Honduran, Dania Palma, will be one of the hundreds of immigrants who will attend Monday's Supreme Court hearing on President Barrack Obama's controversial executive action to limit deportations.
Like many she will be praying to be reunited with a loved one who was caught up in the political battle over U.S. immigration law that has seen Republicans in Congress seeking to thwart effort by the White House to institute reforms designed to protect immigration children and their parents from separation.
"We hope that the judges vote in favor of the executive action to put an end to the raids of those of us who have American children," said Palma, whose husband, César Alberto Ramírez was deported in August 2015 and killed a month later by a criminal gang in Honduras.
Her husband was arrested on July 23, 2015 in Miami for a traffic violation. The police, realizing he had no driver's license and was in the country illegally, handed him over to the Immigration and Customs Enforcement (ICE) agency.
"He asked them not to (deport him) because his life was in danger, but they did not listen. On September 21, two days before making his return trip here with his family, he was killed," said Dania. "He had no criminal record."
Ramírez had been arrested at the Texas border in 2001 when he tried to enter the country undocumented. A few days later he was deported.
"In such cases, when a person has been deported and then tries to return without authorization, at the moment they cross the border, they get a punishment for life and do not qualify for any type of immigration benefit," said immigration lawyer Alex Galvez.
"But there are some exceptions when the person’s life is in danger in the place where he was deported.

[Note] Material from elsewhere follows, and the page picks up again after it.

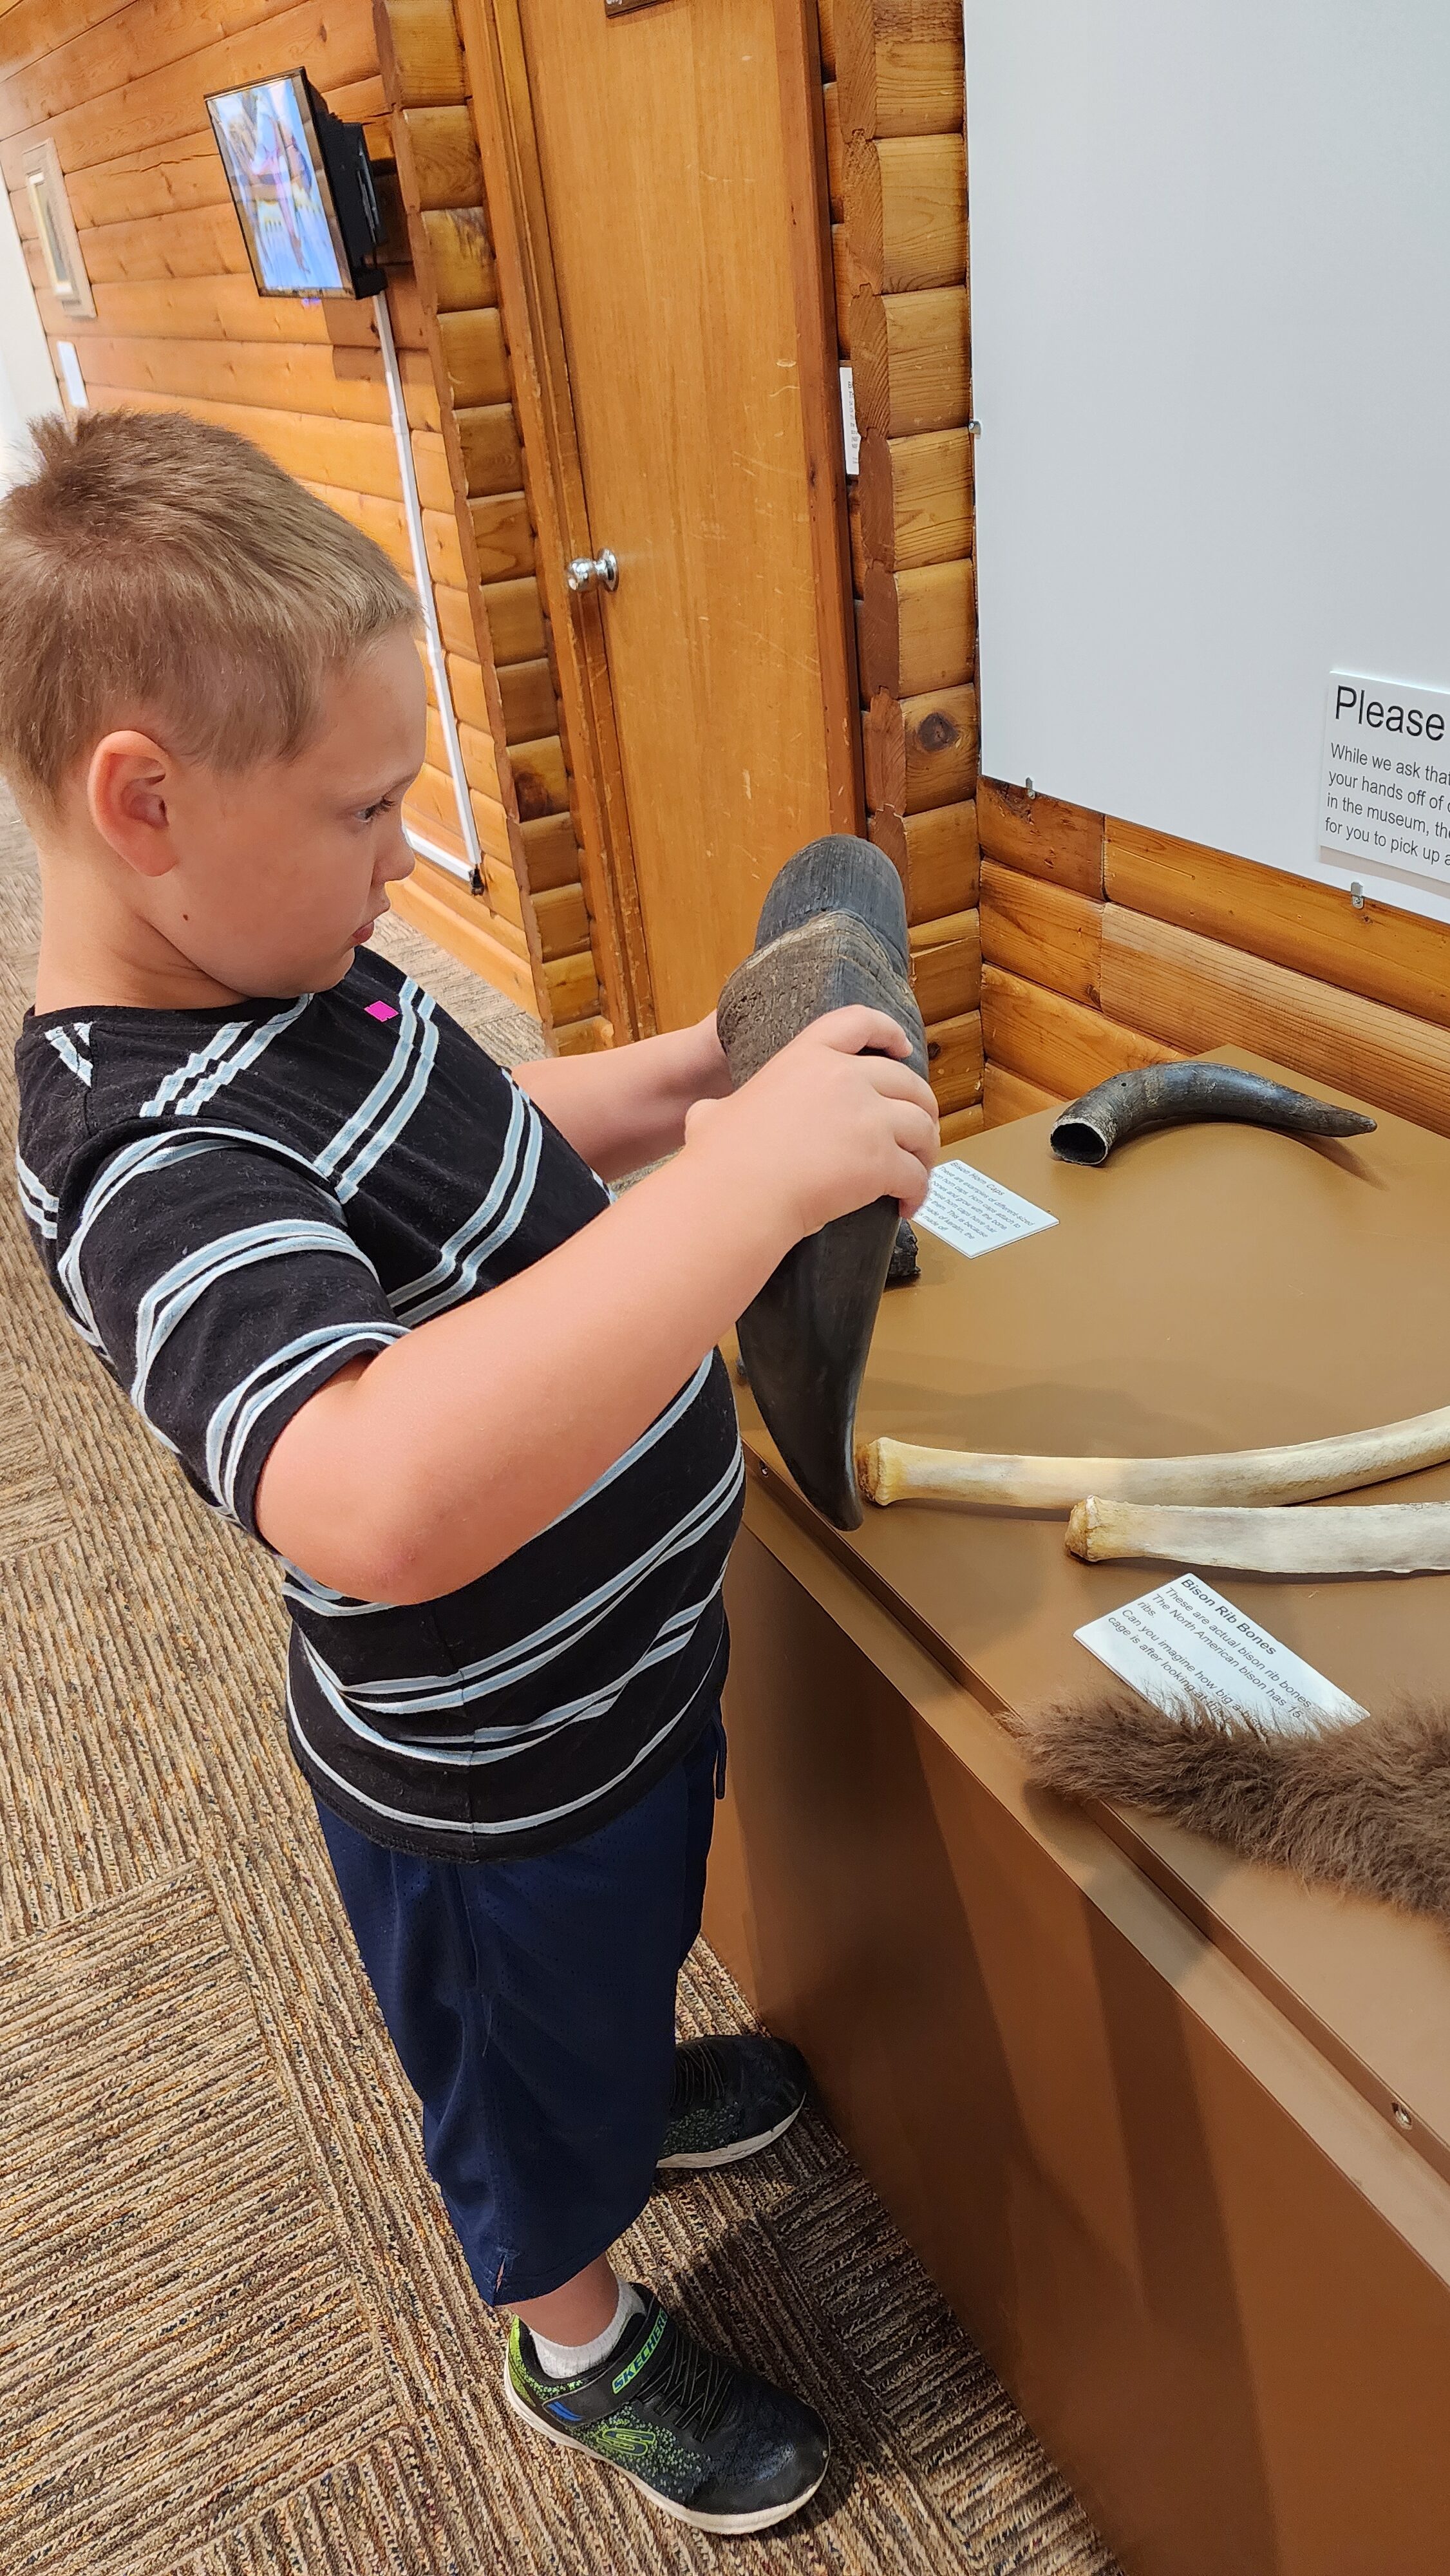 Hands on for kids at museum

In such cases, he may make a request for asylum," he added.
DAPA and DACA
The Executive Action on Immigration was announced by Obama on November 20, 2014 but never went into effect.
It was designed to protect from deportation about 5 million undocumented parents of U.S. citizens and lawful permanent residents and young undocumented immigrants who came as children to the country, known as 'Dreamers.' Both groups had been granted temporary protection under previous orders in 2012, known as Deferred Action for Parents of Americans (DAPA), and Deferred Action for Childhood Arrivals (DACA).
Two weeks after it was announced a group of 26 states (24 of them ruled by Republicans) sued the program arguing that Obama had exceeded the bounds of his executive power and had violated the Constitution by changing the law, something that can only be done by Congress.
In February last year, a district court in Brownsville, Texas, stopped the DACA and DAPA programs from taking effect, a ruling that was ratified in November by the Fifth Circuit Court of Appeals in New of Orleans.
On November 20, the Department of Justice asked the Supreme Court to review the executive action. The court set a hearing for Monday, April 13 in order for government lawyers as well as the attorneys for the 26 states to present their arguments.
The ruling will be known in the summer and will decide whether the DACA and DAPA programs will be activated.
Another attorney, Ezequiel Hernández, added that people like Ramírez who were deported and reentered the country illegally still could benefit from DAPA because their offense is not included among the deportation priorities issued by ICE on the same day Obama announced the executive action.
Ramírez did not know that and did not have the opportunity to present himself at the border and argue that he feared for his life in Honduras.
"My husband qualified for DAPA", said Dania. "If they had not deported him, he would be here with me and my kids waiting for the Supreme Court to rule ... because we are parents of an American child."
During Obama’s administration, ICE has deported more than 2.5 million undocumented immigrants. During the 2015 fiscal year, the figure reached 235,413 undocumented immigrants, of which 41.1% of them had no criminal record, like Ramirez.
Organizations defending the rights of immigrants expect some 4,000 people to congregate outside the Supreme Court on Monday.
Immigration activists say the goal "is to show the stories of immigrants who qualify for DACA and DAPA, and their contributions to America. They are valuable people who do not have criminal records and are waiting for an opportunity to legalize their stays," said Carlos Vogel with the Center for Community Change (CCC).